Should we fear for India's democracy?

There are at least three reasons to worry about the future of the country.

by
    Indian Prime Minister Narendra Modi gestures towards his supporters after the election results were announced at the BJP headquarters in New Delhi on May 23, 2019 [Reuters/Adnan Abidi]
    Indian Prime Minister Narendra Modi gestures towards his supporters after the election results were announced at the BJP headquarters in New Delhi on May 23, 2019 [Reuters/Adnan Abidi]

    Weeks before the general elections in India, opinion polls were already showing that Prime Minister Narendra Modi had a fair chance of returning to office.

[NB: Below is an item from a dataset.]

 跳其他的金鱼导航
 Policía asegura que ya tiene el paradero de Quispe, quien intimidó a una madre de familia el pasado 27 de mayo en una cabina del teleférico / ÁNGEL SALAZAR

He was riding on the crest of militaristic nationalism which gripped the nation after the military escalation with Pakistan in February.

    But few had expected the tidal wave with which Modi's Bharatiya Janata Party (BJP) swept the opposition aside to win a second term. The official results released on May 23 revealed that the ruling party had gone beyond even what Modi and his most-trusted aide and party president, Amit Shah, had set as a goal: going above the 300 mark in the 543-member Lok Sabha, the Lower House of Parliament.

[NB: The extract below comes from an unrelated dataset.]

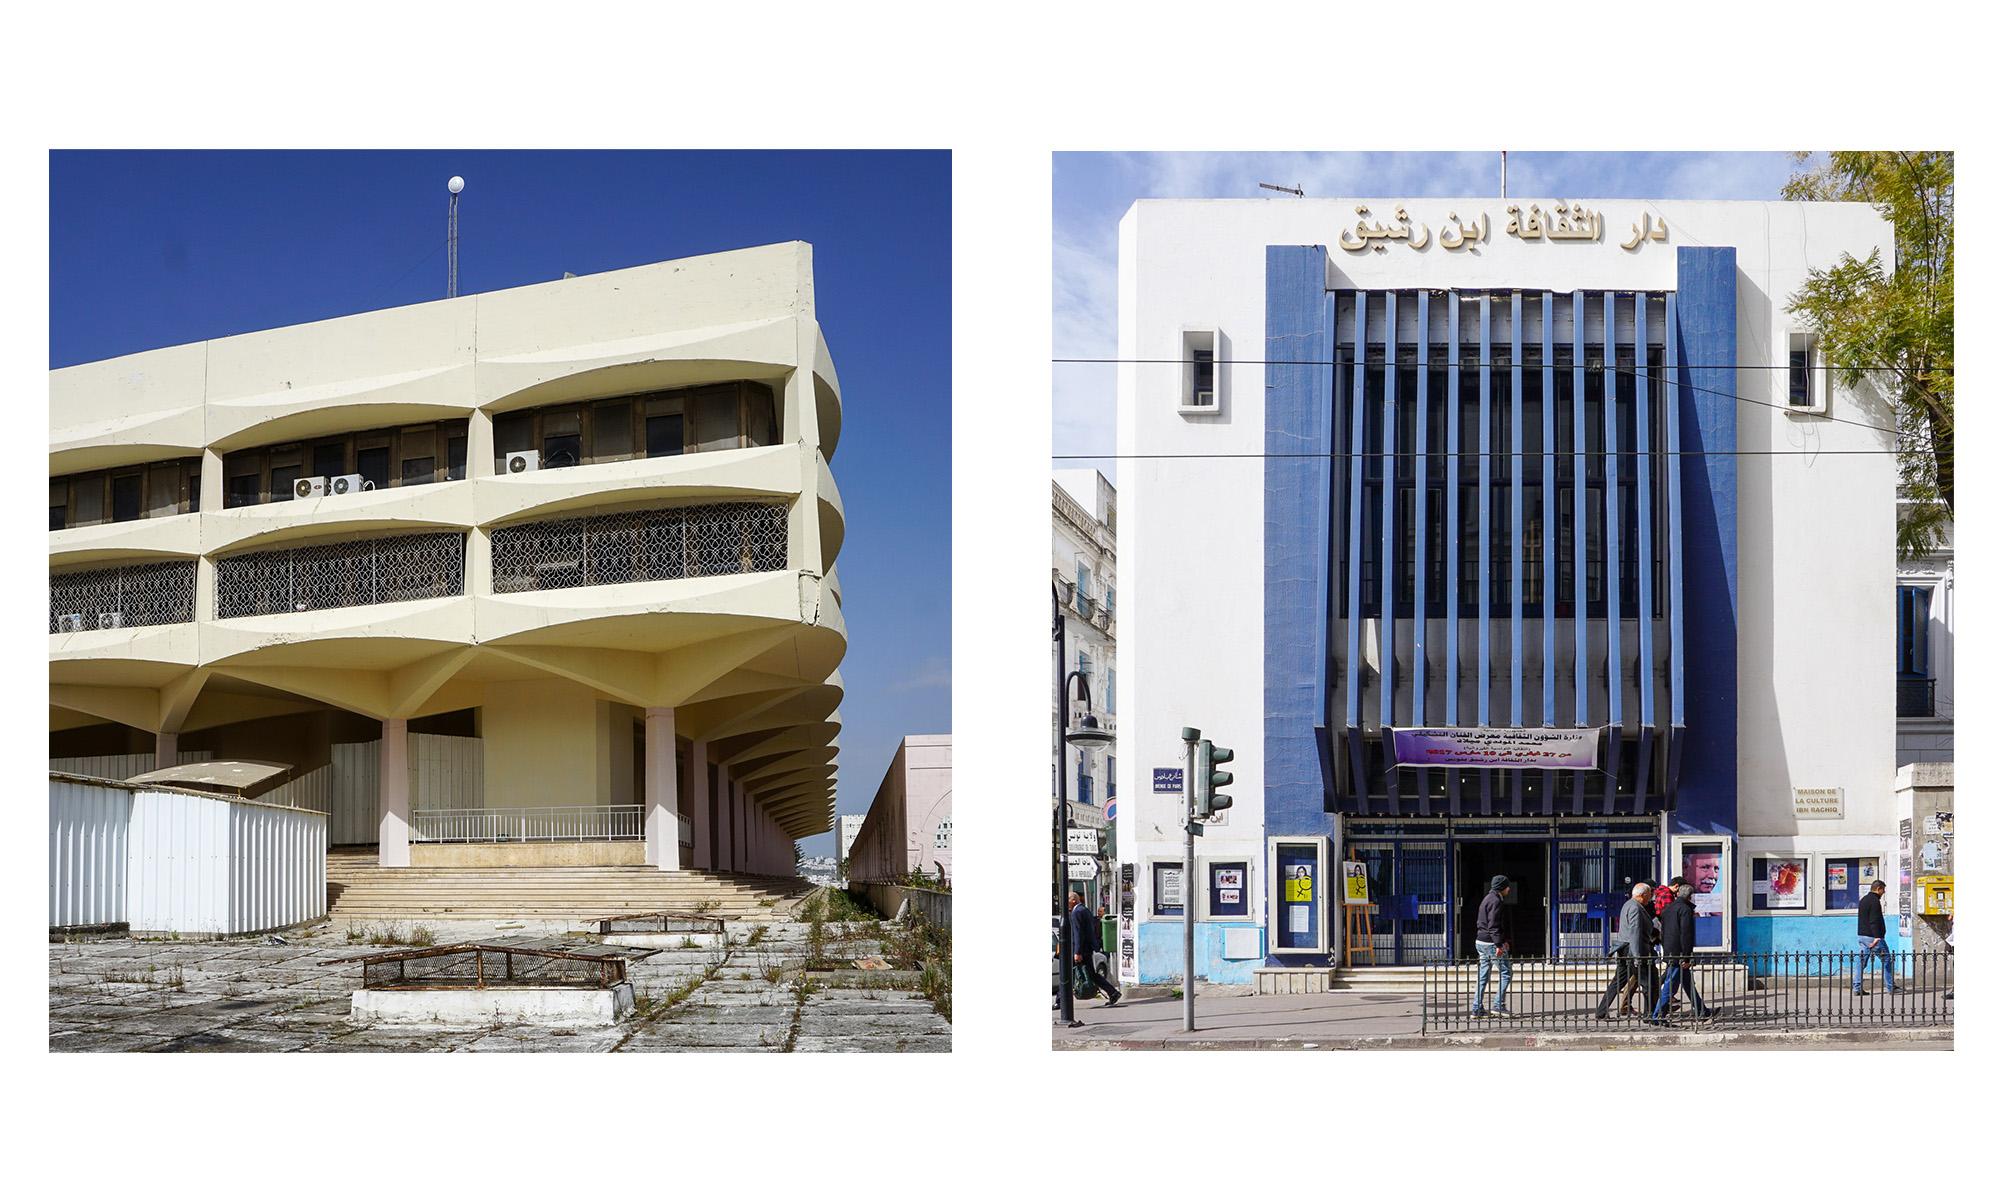 Zwei Gebäude in Tunis, die ungewöhnlich geformt sind und modern wirken

    The BJP, along with allied parties, won 353 seats, paving the way for Modi to become the first prime minister in decades to return to government with another majority after completing his entire tenure in office.

    With this electoral victory, the prime minister has not only secured another term in which once again he will pay little heed to coalition partners but has also won a popular mandate to push forward with his politics of Hindu nationalism.

    At this point, there is sufficient ground for trepidation over what awaits India.

    In March, Sakshi Maharaj, one of the saffron-clad BJP legislators representing the fringe section of the Hindu right-wing, made an ominous declaration.

    "Modi is a tsunami that has brought awakening in the country. I believe there would be no elections in 2024 after this election is done," he said.

    Some have taken this statement to mean that in the coming five years Modi will consolidate power to the point where no other political power would manage to dethrone him. It has stirred fears that the BJP could consider pursuing changes in the law to jettison the parliamentary system, replacing it with a non-elective one.

    Although Maharaj's declaration was put down by the majority of BJP's leaders as a rambling of an oddball, it still reflects the wide political ambitions of the ruling party.

    At this point, fears about the future of Indian democracy appear justified and there are at least three reasons why.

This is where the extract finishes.